Cod Almighty | Diary
In which Middle-Aged Diary turns you into his counsellor
9 February 2017
We have two bits of news.
Ashley Chambers has left Grimsby for Nuneaton Town of the Conference North. Officially that's on loan until the end of the season. He's left a message for Town fans which is both warm and self-aware, but sounds not so much 'au revoir', more 'goodbye'.
Perfect Curve – sorry, I mean Extreme Leisure – has given a presentation to councillors on its proposals for a new stadium, ice rink, housing, car parking and fast food outlets at Peaks Parkway. The Telegraph story includes a couple of artist's impressions – the second of which sends Middle-Aged Diary, as a non-driver, a warning message that my support will no longer be valued. But it's early days, and I won't steal Retro Diary's thunder. I'm in the midst of some stressful relocation issues of my own, so the last thing I want to dwell on is a move still stuck after a quarter-century.

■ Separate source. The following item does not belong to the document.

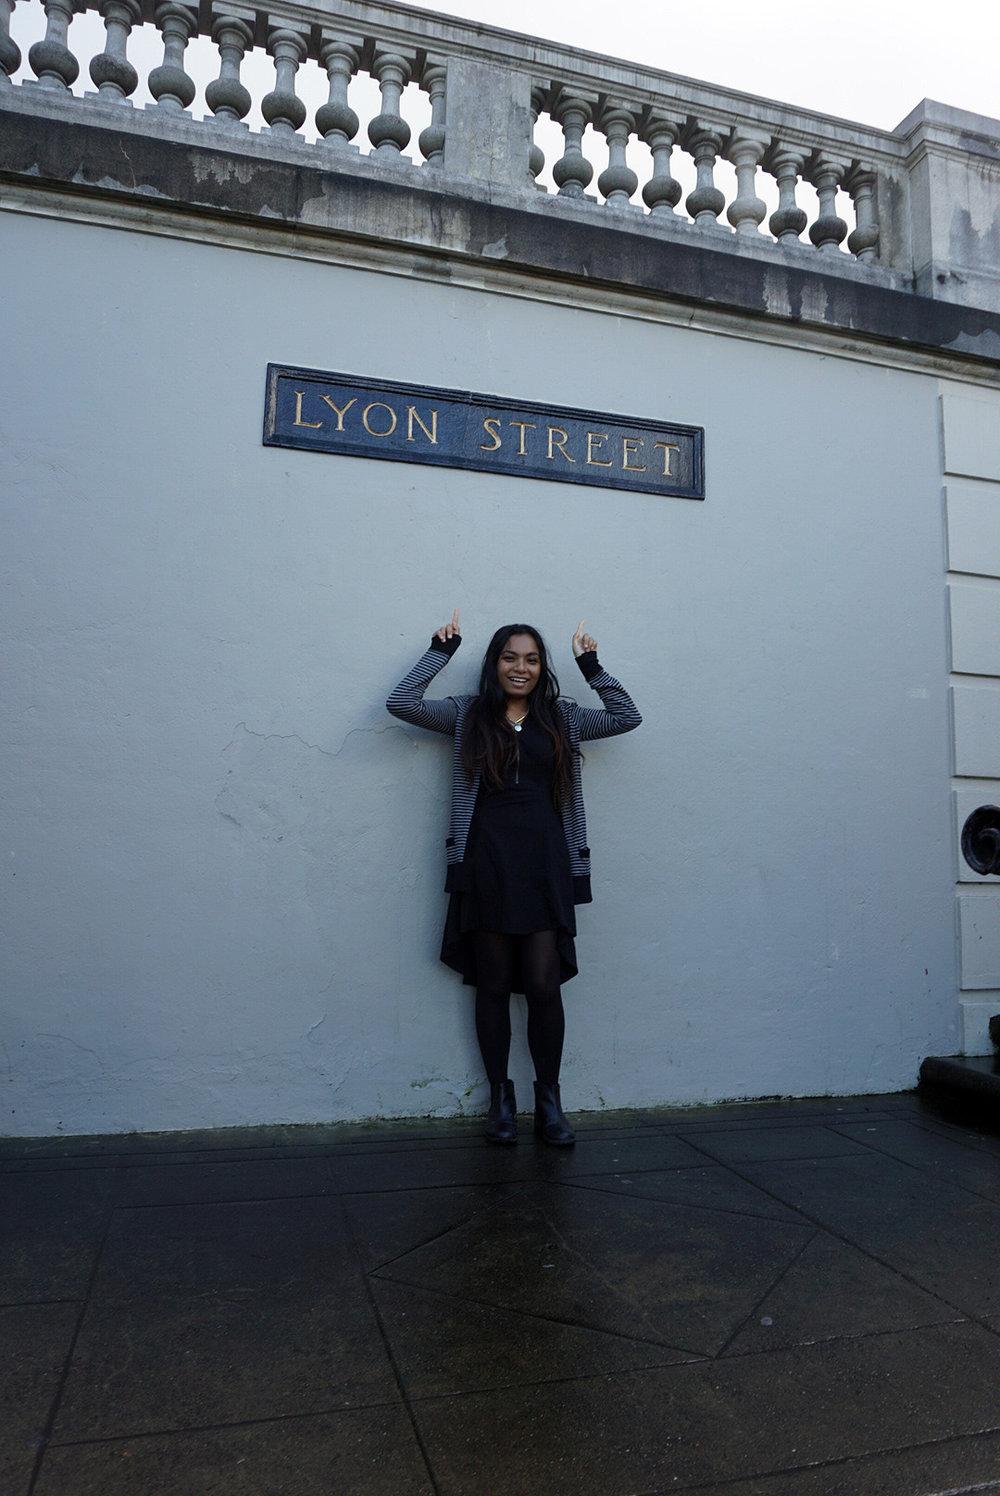 Lyon-Street-San-Francisco-California-Travel-LINDATENCHITRAN-13-1616X1080.jpg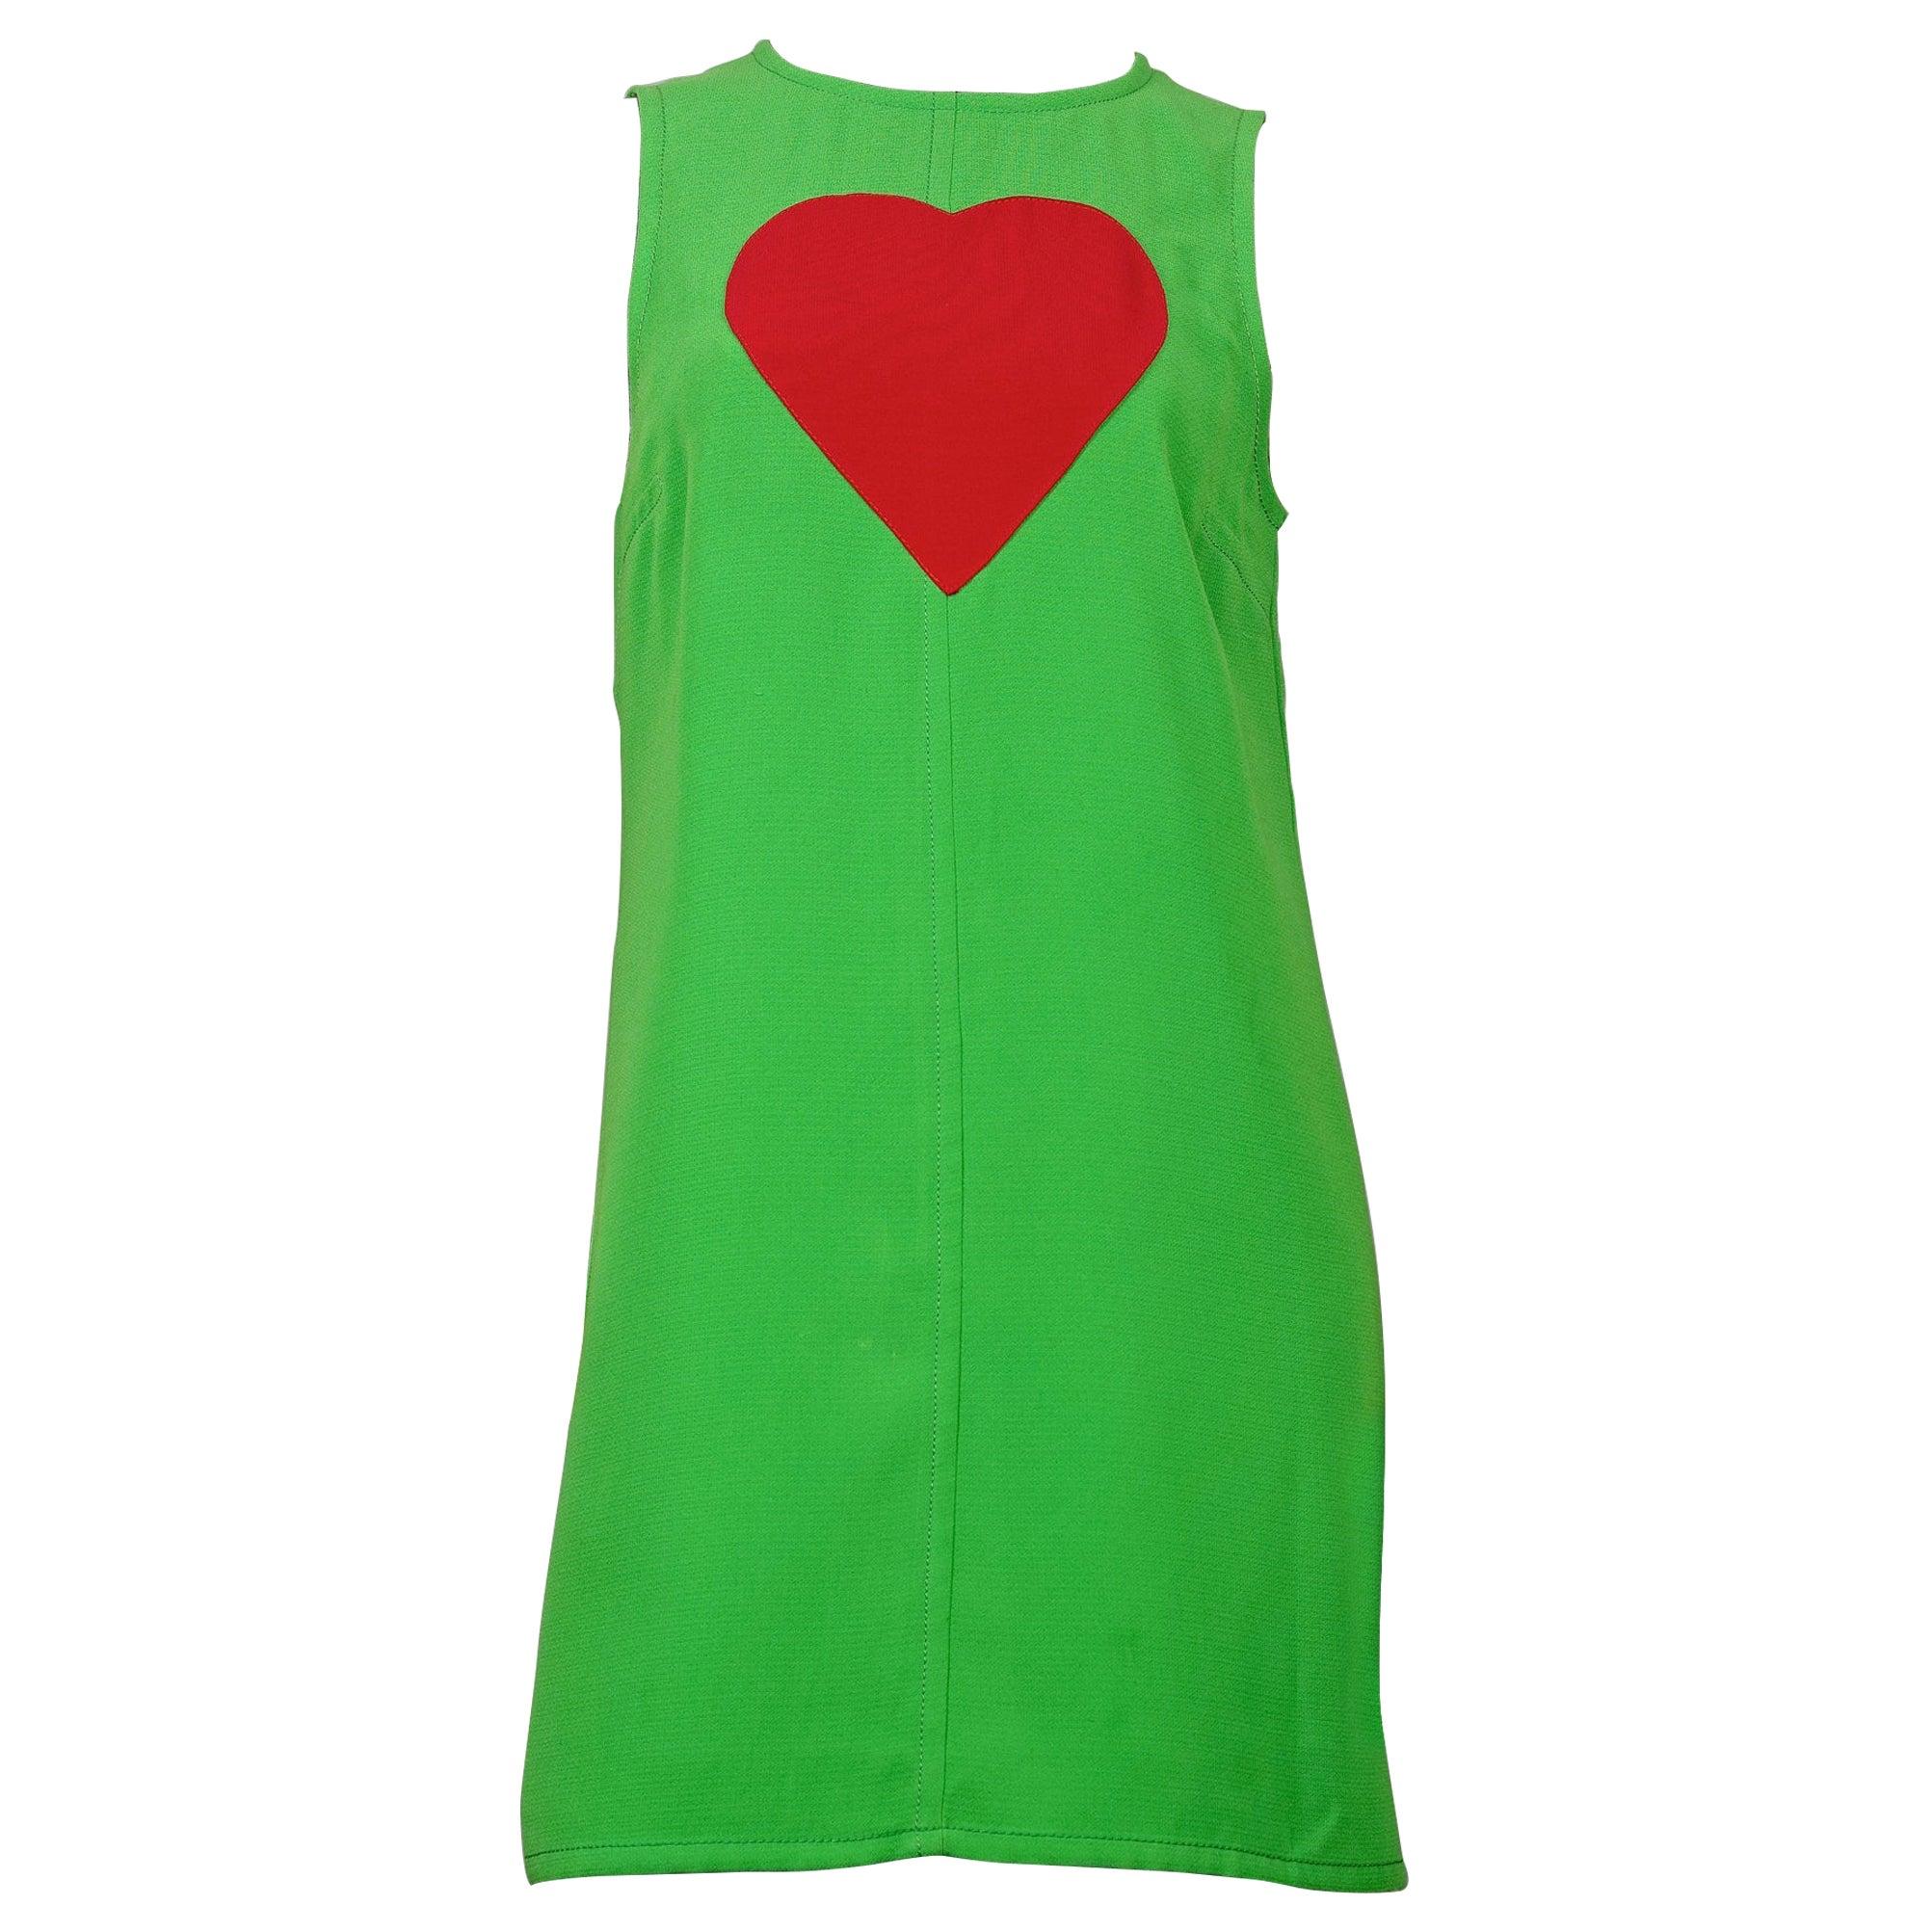 Vintage 1970s YVES SAINT LAURENT Heart Pop Art Dress

Let's try some mindfulness. It's hard, but essential, to allow yourself to live in the moment in football, or else each success becomes little more than a prelude to the next failure. The euphoria of victory can become bitter if what follows does not live up to the moment. And the thing itself – the action of 22 people kicking and heading a ball, and the reaction of a few thousand people to that action – must be enjoyable, or else you are sentencing yourself to a spell on another treadmill.
There must be moments you can isolate and enjoy in themselves, regardless of their consequences. Irregular Diary highlighted one in Shaun Pearson's "fancy footwork" last Saturday. Pete Green provides another, from We are Town, in his poem about a moment of inconsequential Clive Mendonca magnificence from 1996. Such moments can be very personal, but they live in the mind. They are there for us if we shut our eyes and allow ourselves to remember.
Neil Woods was a player who struggled to find that mindful place. Whole matches could go by in which he got no purchase. But now and again the ball would arrive at his feet and you knew that he knew exactly what he was going to do to score a goal. My favourite goal remains the first I saw him score, at Shrewsbury in 1990. It was the first time I had seen him play, and he had done nothing in the first half, but even so, I was on my feet the moment he took possession, tightly marked though he was. The nutmeg and the chip replay in my mind. Perhaps they do in Woods's as well. We no doubt all have our own moments of accomplished excellence to call to mind; very few of us can say we performed them before a paying audience.
They are best when the players' enjoyment is also on show, bridging the gap between those who can and those who watch. I can have flashbacks about watching Tony Gallimore retreat in panic from the path of an onrushing winger. Or I can remember the self-deprecating smile with which he accepted a back-handed compliment after a meandering overlap and a mis-struck cross set up Stacy Coldicott for a winning goal.
There was a similar smile on the face of Tommy Watson as he accepted congratulations for a thunderbolt shot which put us ahead against Bournemouth in 1991. The only thing I remember about the other two goals from that game is that we conceded them both, and lost. If it really were a 'results business', Watson's goal would be erased from the mind. But whatever we thought the consequences of that defeat might be, they have passed. What we are left with is the joy of the moment.